Assigned task: Would you retype the listing below word for word, without any of its pictures?

Supplied material:
▬▬▬

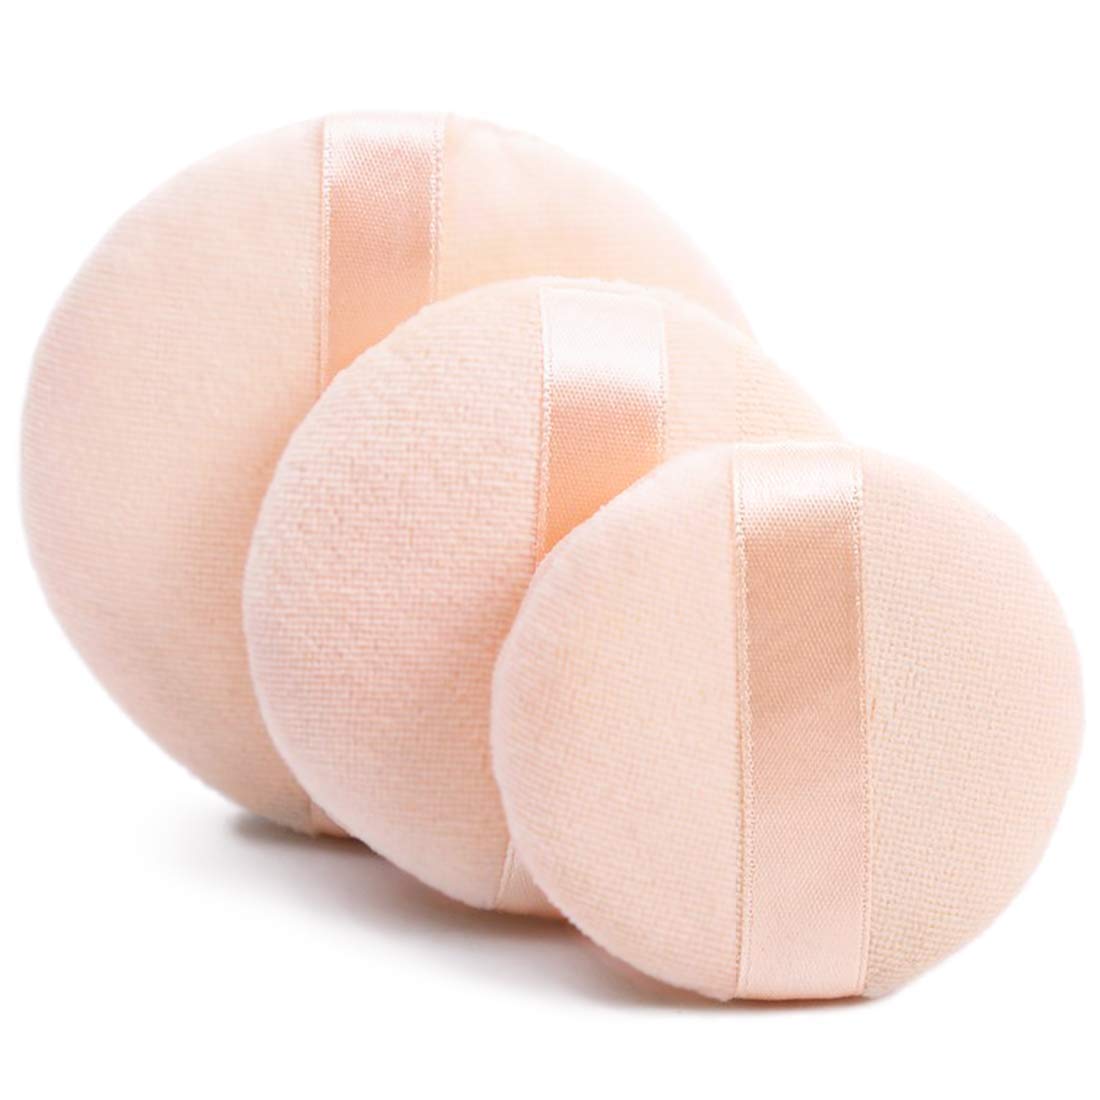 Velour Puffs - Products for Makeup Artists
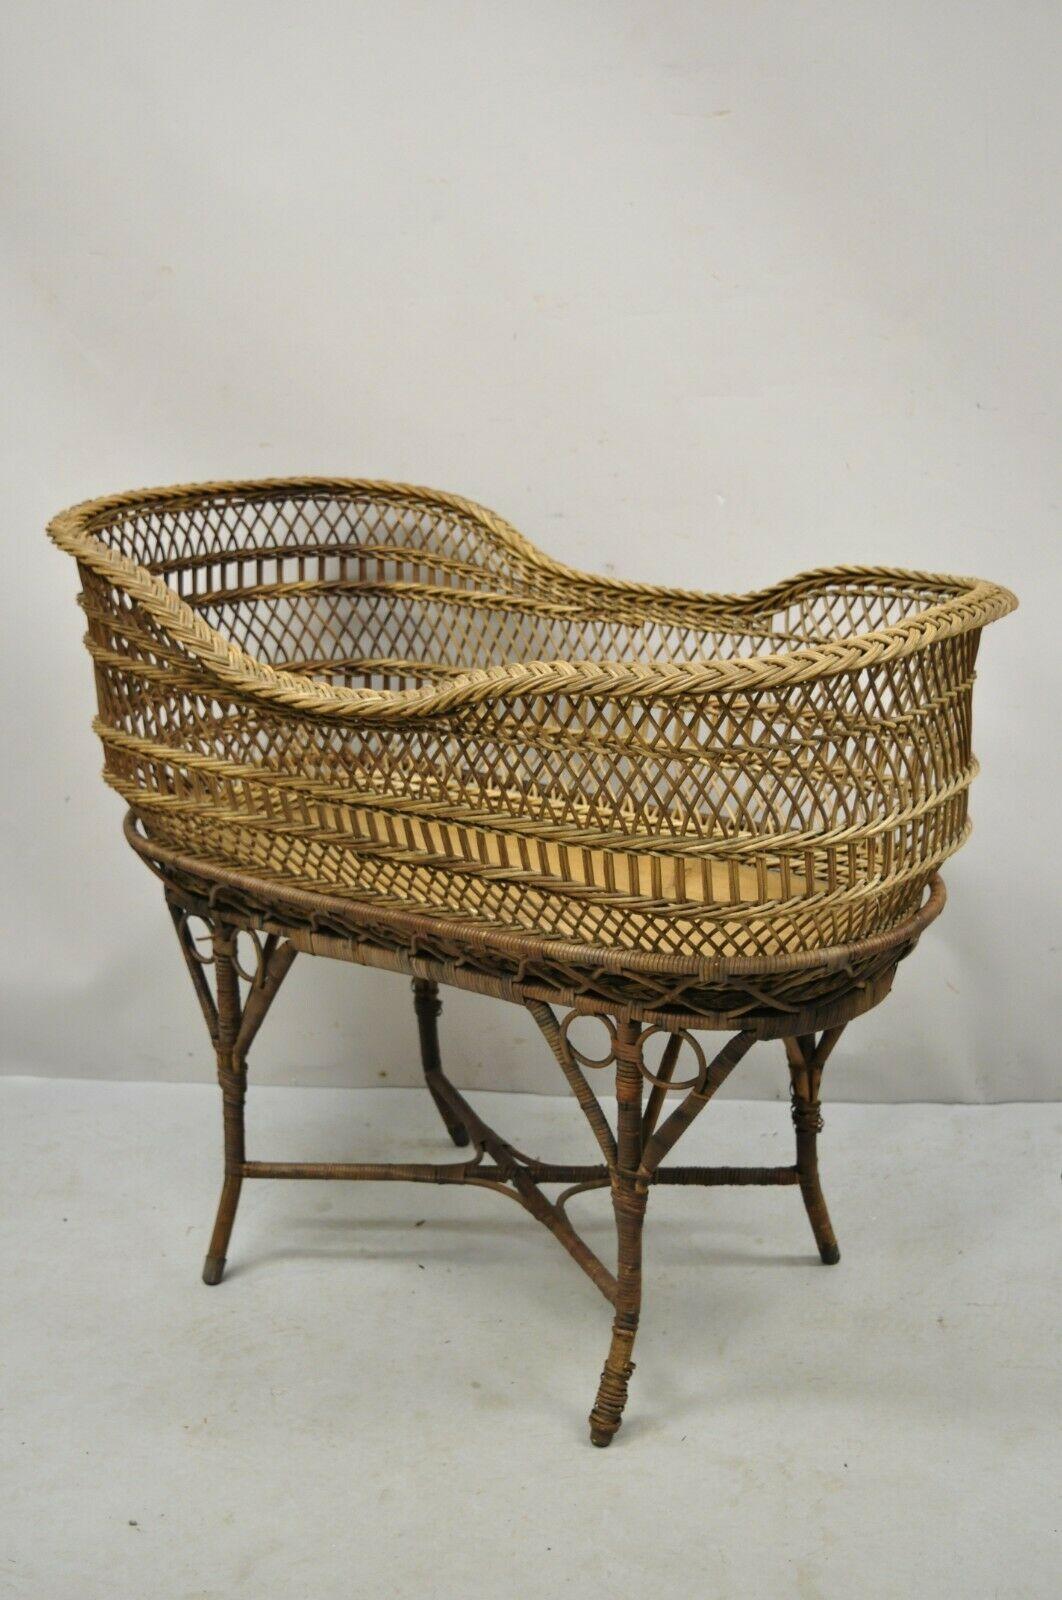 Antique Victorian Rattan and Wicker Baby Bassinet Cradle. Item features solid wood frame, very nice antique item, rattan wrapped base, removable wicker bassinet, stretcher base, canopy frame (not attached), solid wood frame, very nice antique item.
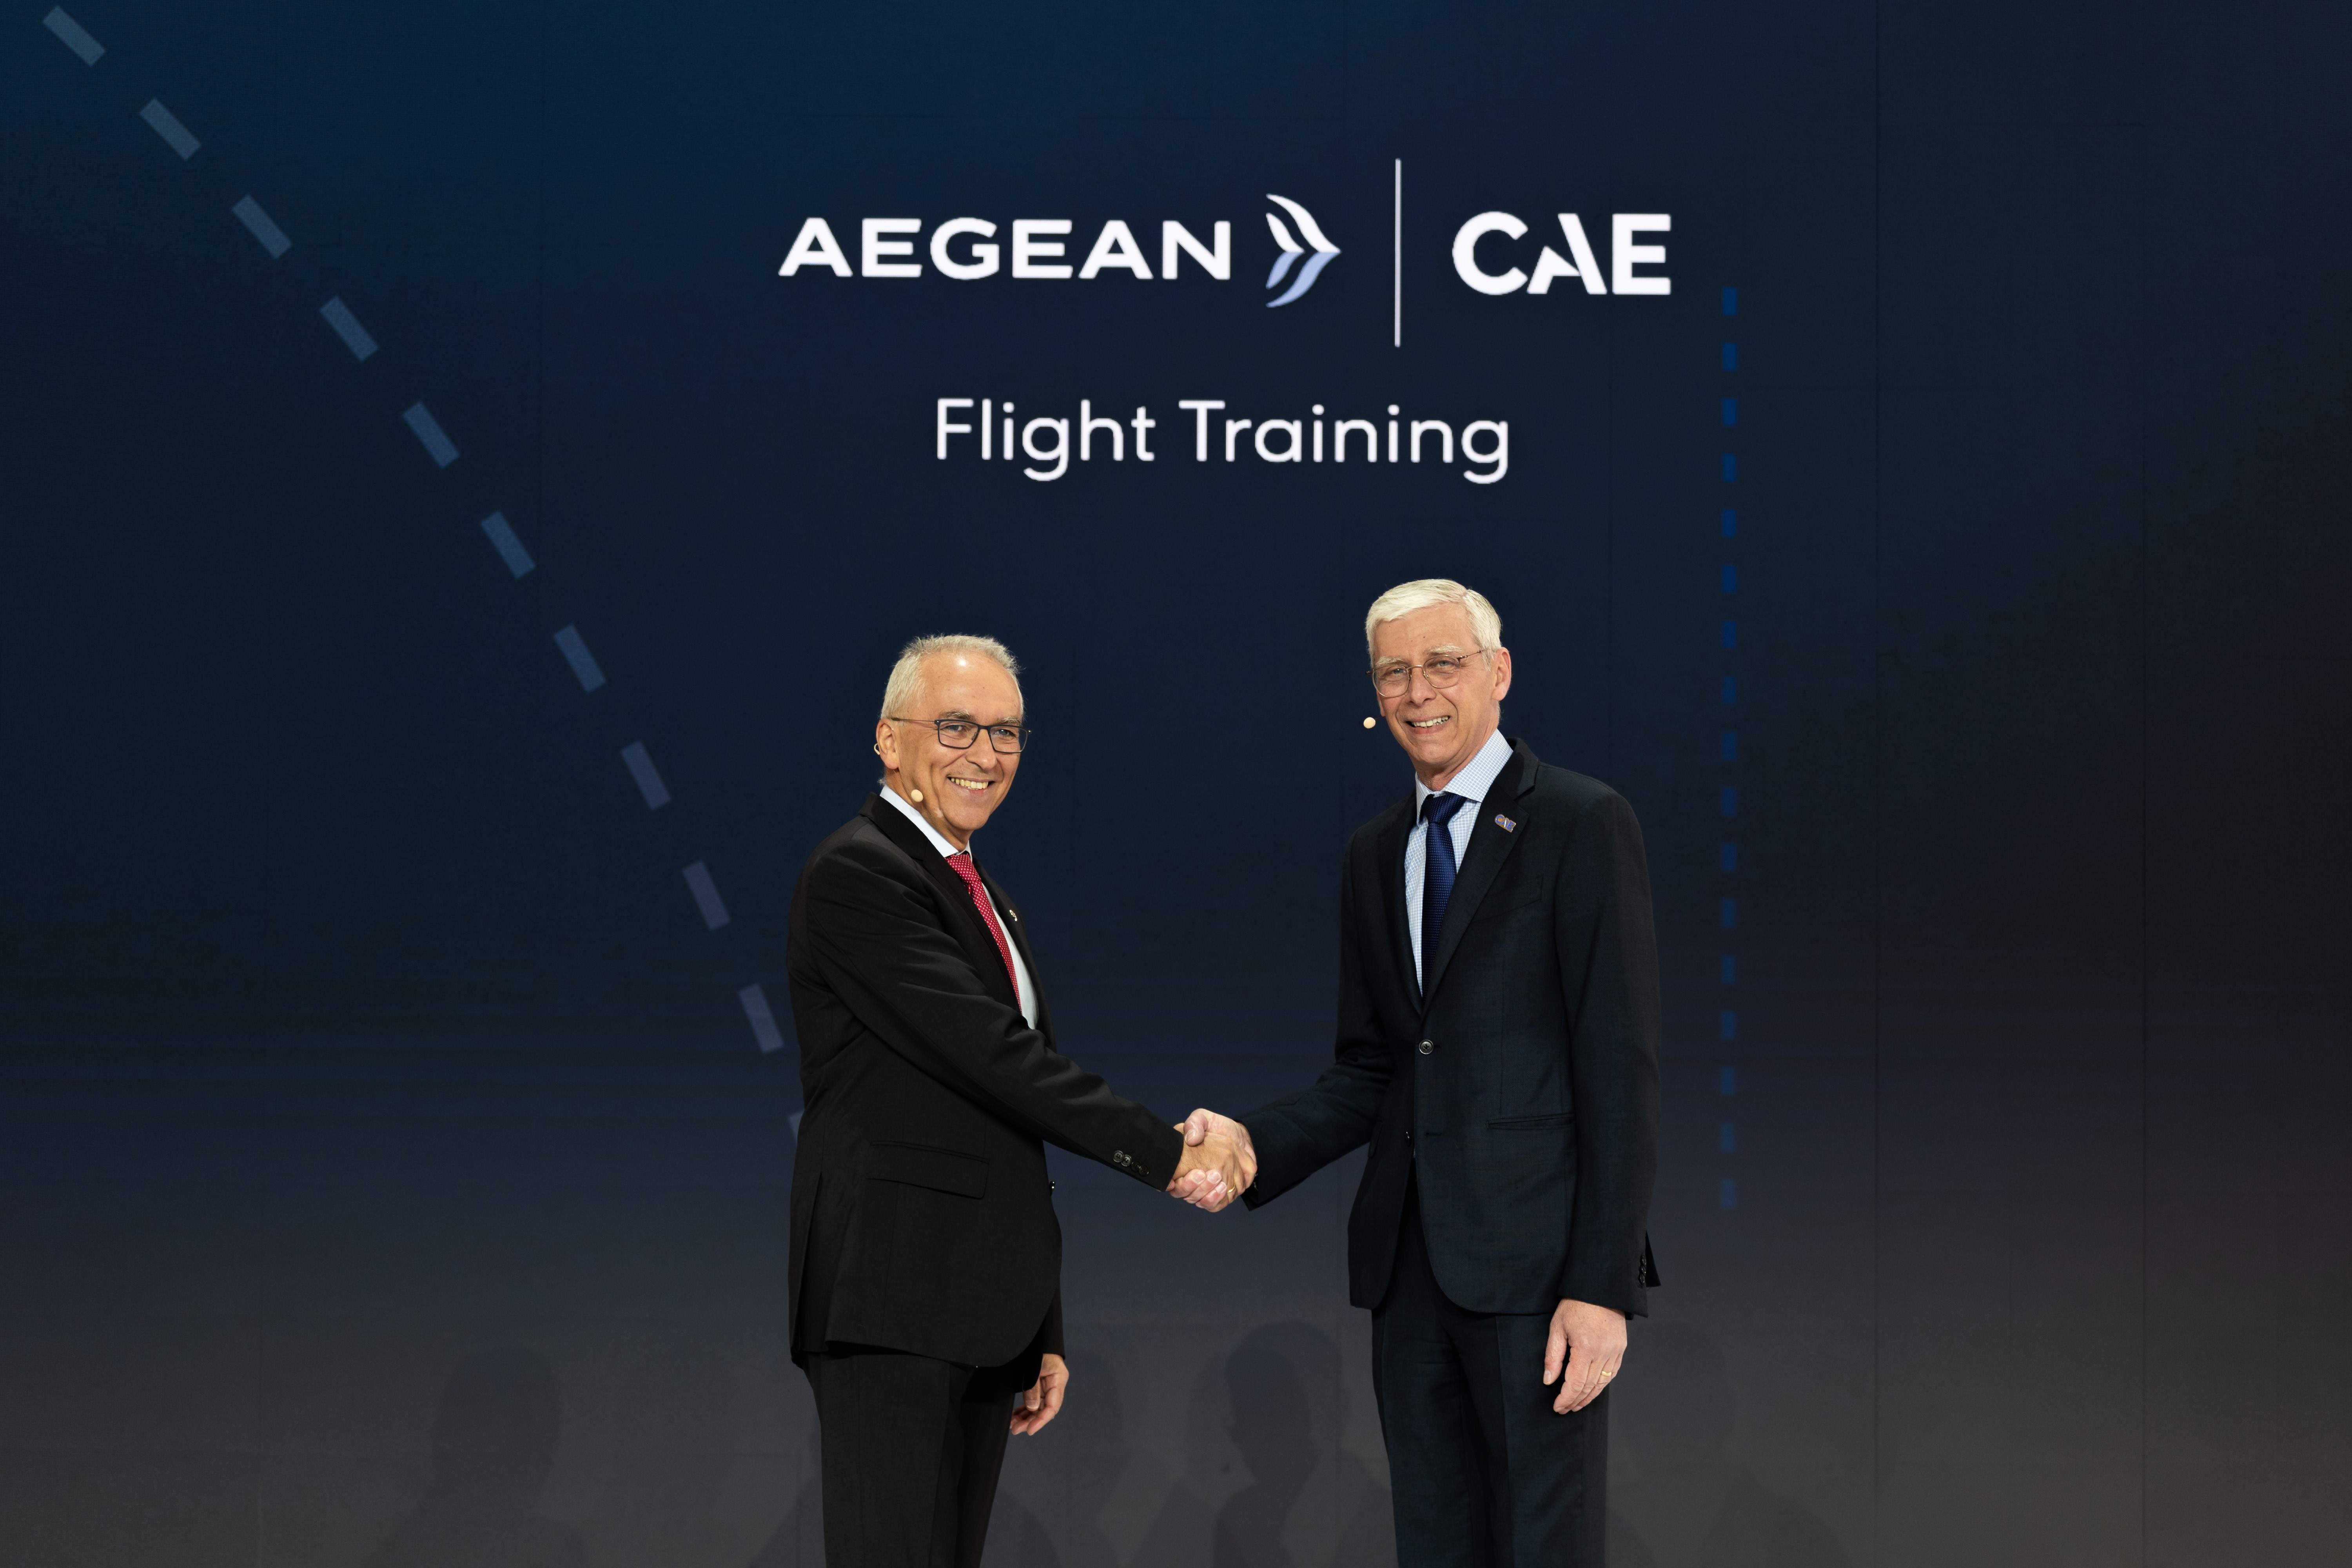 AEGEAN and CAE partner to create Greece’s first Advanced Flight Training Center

▬▬▬

Solution to the exercise:
 Velour Puffs - Products for Makeup Artists
 Antique Victorian Rattan and Wicker Baby Bassinet Cradle. Item features solid wood frame, very nice antique item, rattan wrapped base, removable wicker bassinet, stretcher base, canopy frame (not attached), solid wood frame, very nice antique item.
 AEGEAN and CAE partner to create Greece’s first Advanced Flight Training Center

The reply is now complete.